August 2021 | Point of View

The worker shortage should be treated as a supply-and-demand issue

With the labor shortage sticking around, it’s time to get creative

The worker shortage should be treated as a supply-and-demand issue

Scarcity is felt these days in many different ways. From the low supply of lumber for building new homes to the limited inventory of new and used cars to even a noticeable “dog shortage.”   

But one of the most widely felt scarcities these days is talent. Where have all the workers gone? Here are the stats we’re all seeing—and experiencing:

  • The quit rate in June 2021 was 2.7% while the job openings rate has also climbed to 6.5%—both are at historical highs 
  • The service economy is experiencing the worst, and it is still far below pre-pandemic levels with 9% unemployment but 1.7 million open jobs 
  • Wages are up and the overall unemployment rate is down  
  • Talent represents the top threat to business in Q3, according to West Monroe’s Q3 poll of C-suite executives 

People are quitting, changing careers, or just finding other things to do. It’s the topic of conversation almost everywhere I go. As CEO of a consulting firm, it’s something I am seeing all our clients experience and talk about, from private equity to manufacturing to healthcare and beyond. It is pervasive and impactful. But most importantly, it doesn’t seem to be going away.  

We all have our own theories about what is going on. The work-from-anywhere phenomenon has caused people to move, but not every job can follow. Unemployment benefits and stimulus programs have been extended. Meaningful work—that is, finding purpose in one’s role—is becoming more important to more people in re-evaluating how they spend their time. And the pandemic forced many to adapt their skill set months ago, leaving entire industries nearly empty-handed today. 

My take? Every now and again you have to evaluate the balance in supply and demand. And if there is an oversubscription of demand, you have to be willing to open up or change your supply requirements. That needs to apply to talent—you may look for a certain type of employee or hold a certain approach to hiring and employment today. But you likely need to relax some of those requirements or change up your approach—in both small and big ways.  

In other words, it’s time to open your mind to alternative forms of supply. Here are some ideas I’m thinking of: 

  1. A longer-term hybrid staffing approach. Full employment may not be possible for quite some time. Instead of figuring out how you can fill all of your various open positions, you likely need to open up avenues not previously explored, including staff augmentation, contingent workers, and outsourcing. A workforce made up of both FTEs and non-FTEs. And not just temporarily — having programs and vendors in place that represent all of these approaches may need to become part of your longer-term workforce strategy. I’ve heard from clients they’re considering more outsourcing (or offshoring) than ever for back-office functions, choosing to focus their talent strategies on their core business alone. And they’re relying on consulting firms like West Monroe to attract and retain talent for special, strategic initiatives so they can access top talent without having to invest in the recruitment and retention of it.  

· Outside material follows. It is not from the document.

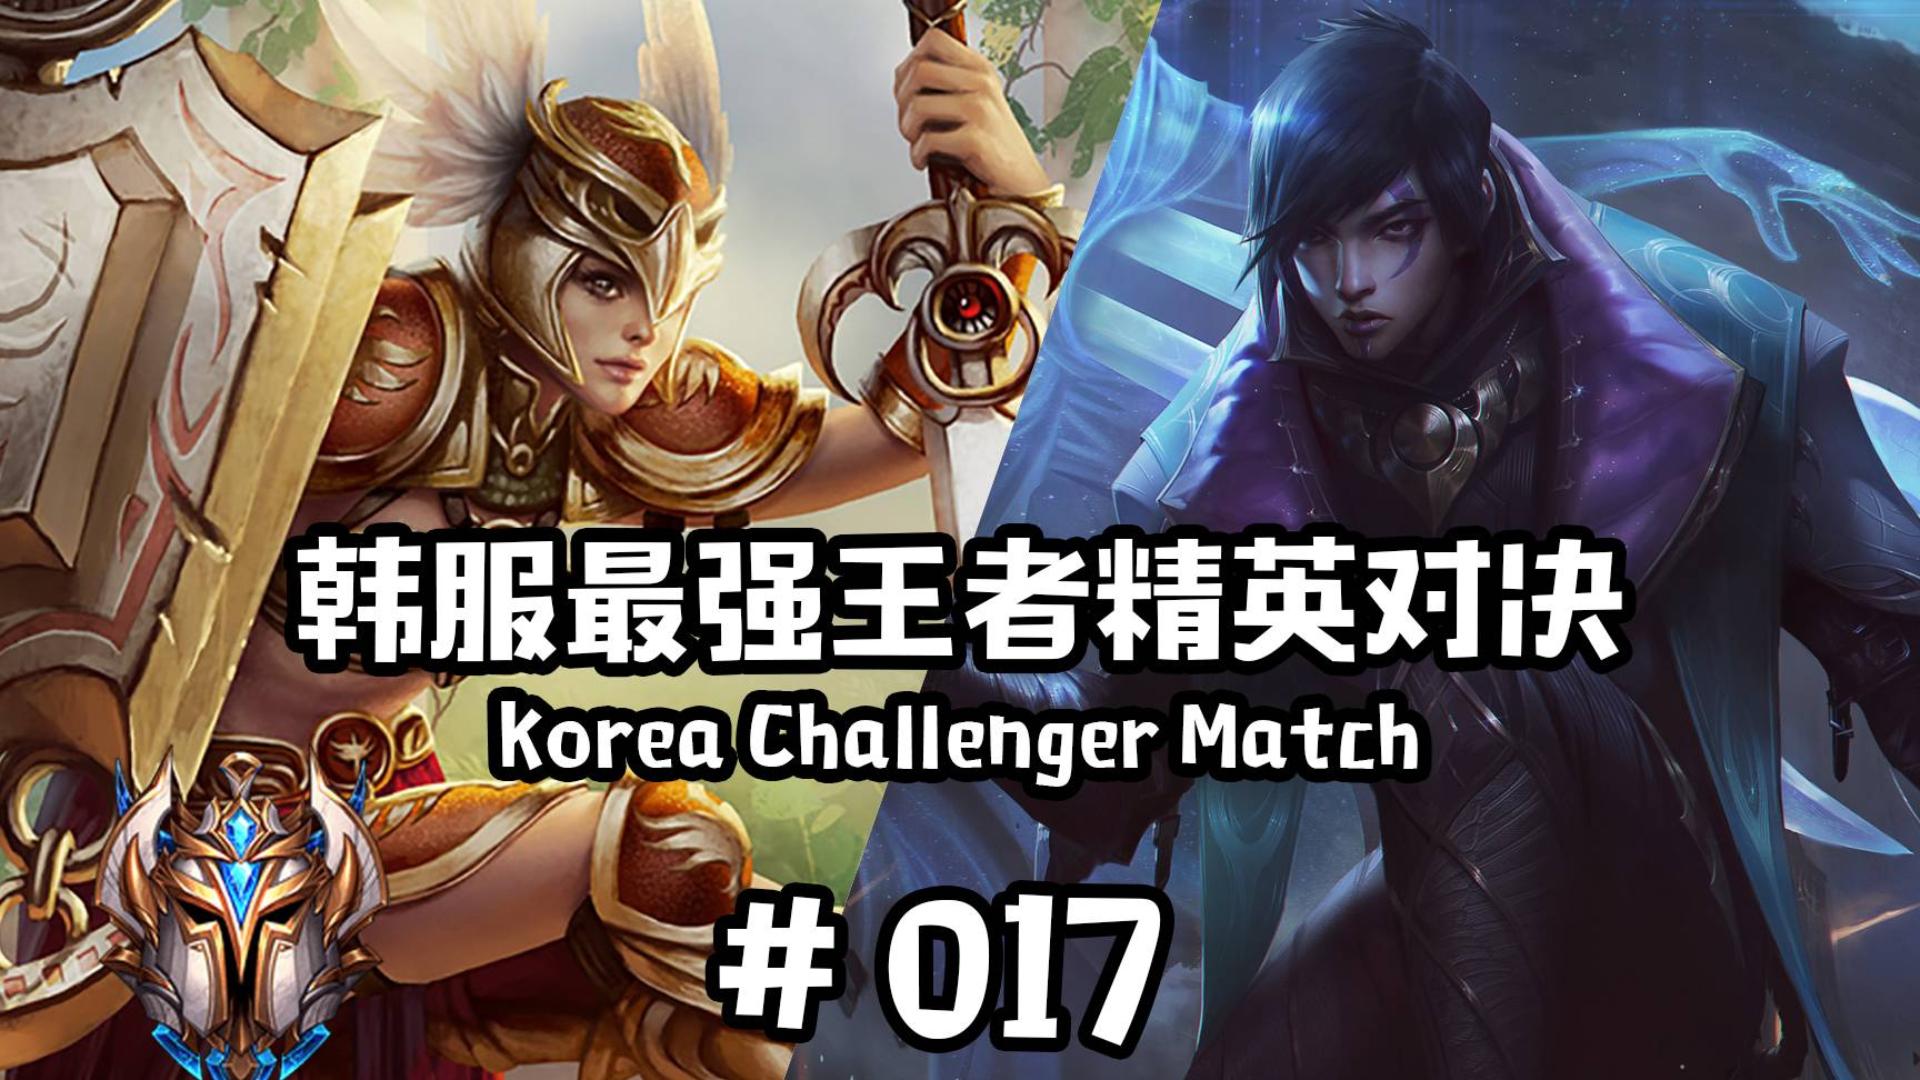 韩服最强王者精英对决 #017 丨大伙晚安

  2. M&A. Acquiring a company has always been a tool for companies to get the talent they need. In fact, 18% of C-suite execs told us M&A is a top opportunity for their business this quarter. It can come at a price, though—multiples are high for sought-after firms and not every company wants to go through a merger or multiple acquisitions for talent reasons only. Plus, you’re not always guaranteed the talent will stick around. But this option could work for businesses that need specific skill sets or top-level talent for whom it’s easier to bake in “stay” clauses.  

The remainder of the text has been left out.